Here are a couple of photos of my killifish. I apologize for the dirty glass. There are spots all over it because I add Equilibrium to the water, slosh it all over the place, and never wipe the tank...

These killifish are aphyosemion primigenium 88-10. They are friendly and curious and they eat all day long. There are some fry in the tank of many different sizes but I don't think that I can capture them in a photo yet. Some of the fry are big enough to eat bloodworms.

One photo is of a female, and one is of a male.


----------



## Morainy (Apr 21, 2010)

Actually, one of the fry is in the photo of the female killi, but the fry is almost invisible.


----------



## Dustman (Apr 21, 2010)

Very pretty killifish indeed. That male has got some really bright colors.


----------



## kemi (Apr 26, 2010)

pretty colors. I love the killis, especially when they are dancing.

too bad you can't keep different killis in a tank, I would be up for a swap


----------



## Morainy (Apr 21, 2010)

Thanks, Kemi and Dustman!
I keep hearing that killies can be kept in a community tank, but these killies are so quiet that I can't really picture them in a tank with some rambunctious endlers or rasboras, let alone anything bigger. 

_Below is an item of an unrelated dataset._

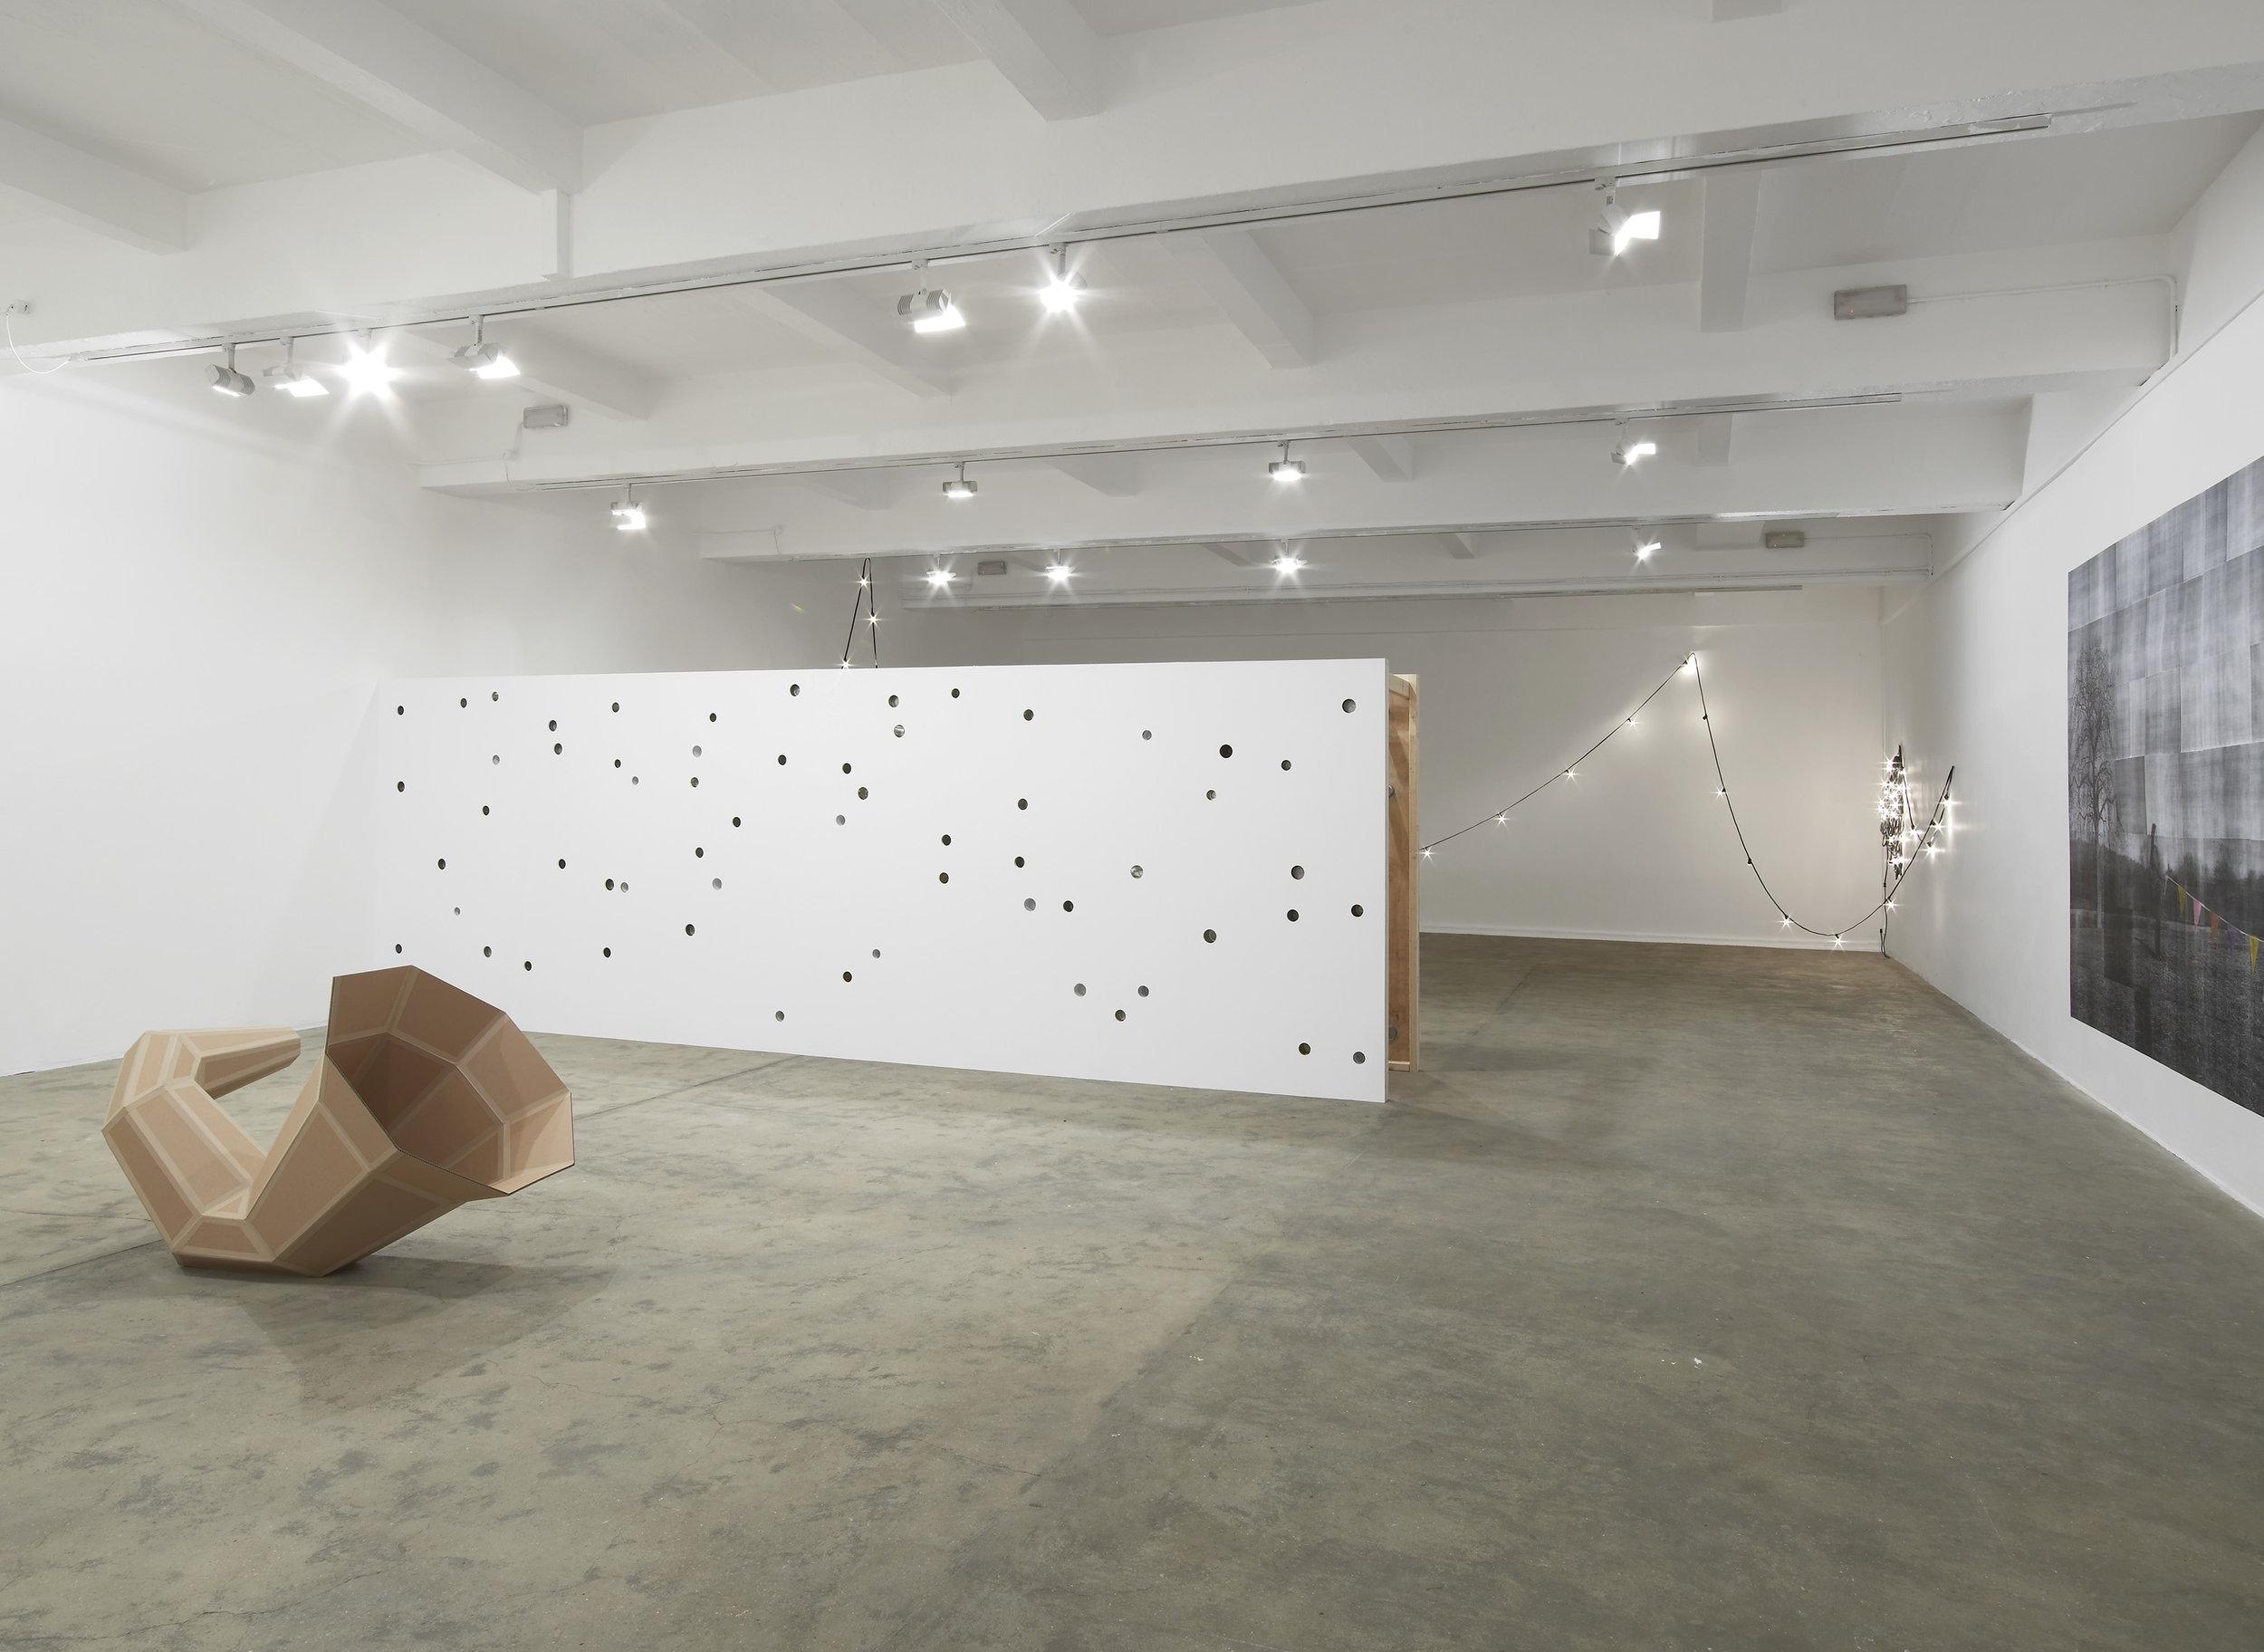 Installation View  Chisenhale Gallery, London, UK  2012

I think that they like live food and they'd be happier if I'd come through for them with something that they could chase around the tank. They love bloodworms, but only when they are falling from the dropper. Once the bloodworm snags on a leaf, it just sits there. I vacuum out the leftover bloodworms after ever meal, as best as I can.


----------



## CRS Fan (Apr 21, 2010)

The filter must be fry/shrimplet safe if I remember correctly. If so, live daphnia will live in a tank until they are eaten. Canadian Aquatics (mykiss) almost always has this live food for sale.

Best Regards,

Stuart


----------



## Morainy (Apr 21, 2010)

Thanks, Stuart! My filter is fry safe these days.


----------



## Atom (Apr 21, 2010)

Morainy said:


> Actually, one of the fry is in the photo of the female killi, but the fry is almost invisible.


It is like playing Where's waldo?! I can't see the little guy.

Lovely Killies


----------



## Scholz (Apr 21, 2010)

Seen these Killifish in person and they seem very happy! and she has ALOT of fry! The intank method is working well! Her has lots and lots of plant cover to make them feel safe and sound...


----------